Мне трудно было говорить о болезни отца, потому что это касалось его страданий и моего бессилия изменить что-то кардинально. Первое время с отцом случались припадки, после которых он долго не мог прийти в себя.
Его необратимо пораженный мозг жил за счет всех жизнеспособных органов, которые отдавали все свои силы и сами оставались без защиты... Я пытался отца лечить, но болезнь плохо поддавалась, и часто я мог только унять боль во время приступа. Обычно приступ давал о себе знать заранее. В такой день отец чувствовал вялость, сонливость, у него пропадал аппетит, все время хотелось пить, и он спешил отпроситься с работы, потому что головная боль появлялась внезапно и быстро усиливалась, пока не обрушивалась всей силой; и не оставалось тогда воли сдерживать себя. Переставала существовать стройная реальность, она уступала место хаосу. Мозги кипели и распирали череп изнутри. Казалось, что череп, в конце концов, не выдержит и расколется. Отец перетягивал голову полотенцем и стягивал узел все сильнее и сильнее, словно укрепляя череп. Но наступал момент, когда человеческое терпение кончалось. И тогда из отцовского горла вылетал стон, больше похожий на рев раненого зверя. Отец катался по кровати и прокусывал наволочку подушки, пытаясь заглушить боль.
Со временем моя помощь давала результаты, организм отца постепенно начал справляться с болезнью, но из-за ослабления иммунной и нервной систем развились побочные заболевания, появились слабость, быстрая утомляемость. Все это закончилось двумя инфарктами, и мы с матерью делали все возможное и оберегали отца, чтобы как-то продлить его жизнь.
Последние годы отец уже не работал, но получал какую-то особую пенсию, которая была значительно выше обычной инвалидной, и лечился он тоже в привилегированной обкомовской поликлинике...
Всего я Зыцерю тоже не рассказывал, хотя он знал о моих злоключениях с особыми способностями и деликатно не касался этой темы, верно полагая, что мне эти воспоминания неприятны...
Не знаю, сознательно или случайно мы оказались возле институтского общежития в тот вечер, только, поравнявшись с общежитием, Юрий Владимирович вдруг попросил:
- Володя, вы не могли бы вызвать мне Милу?
Выглядел он смущенно, и, видно, чувствовал себя неловко, потому что счел необходимым добавить:
- Мне нужно с ней увидеться.
И это прозвучало как-то по-детски.
- Конечно, - сказал я.
- Восемнадцатая комната на втором этаже, - торопливой скороговоркой проговорил Юрий Владимирович.
Я знал, в какой комнате живет Мила, но счел разумным промолчать.

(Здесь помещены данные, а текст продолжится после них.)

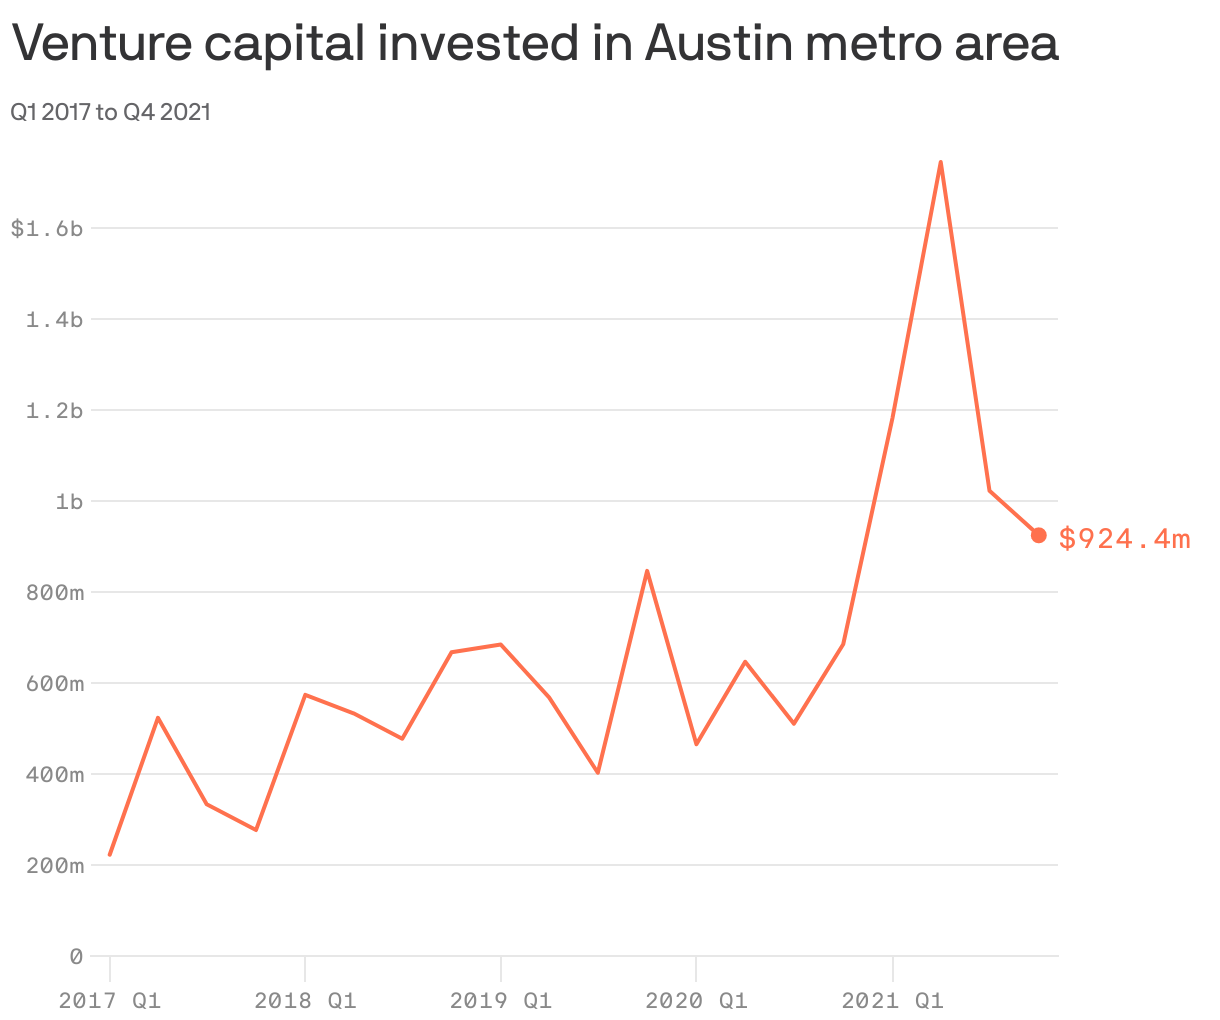 Venture capital invested in Austin metro area

Мы с Лераном как-то заходили к Миле за конспектами. Леран пропустил пару общих лекций по истории КПСС и хотел к семинару их переписать.
Мила не ожидала увидеть меня. Ее бровь удивленно приподнялась.
- Вот сюрприз! Ты один? - спросила она, и мягкая улыбка появилась на ее прелестном личике.
- Нет. С Зыцерем. Он ждет на улице.
- И чего вы хотите? - улыбка стерлась, и голос Милы стал строгим.
- С тобой Юрий Владимирович хочет поговорить. Выйди.
- А если не выйду? - губы Милы скривились в нервной усмешке.
- Твое дело. Только это неправильно. Он что, тебя съест?
- А чего ты меня ему все сватаешь? - теперь в голосе Милы сквозило раздражение. - Тебе роль свахи не идет.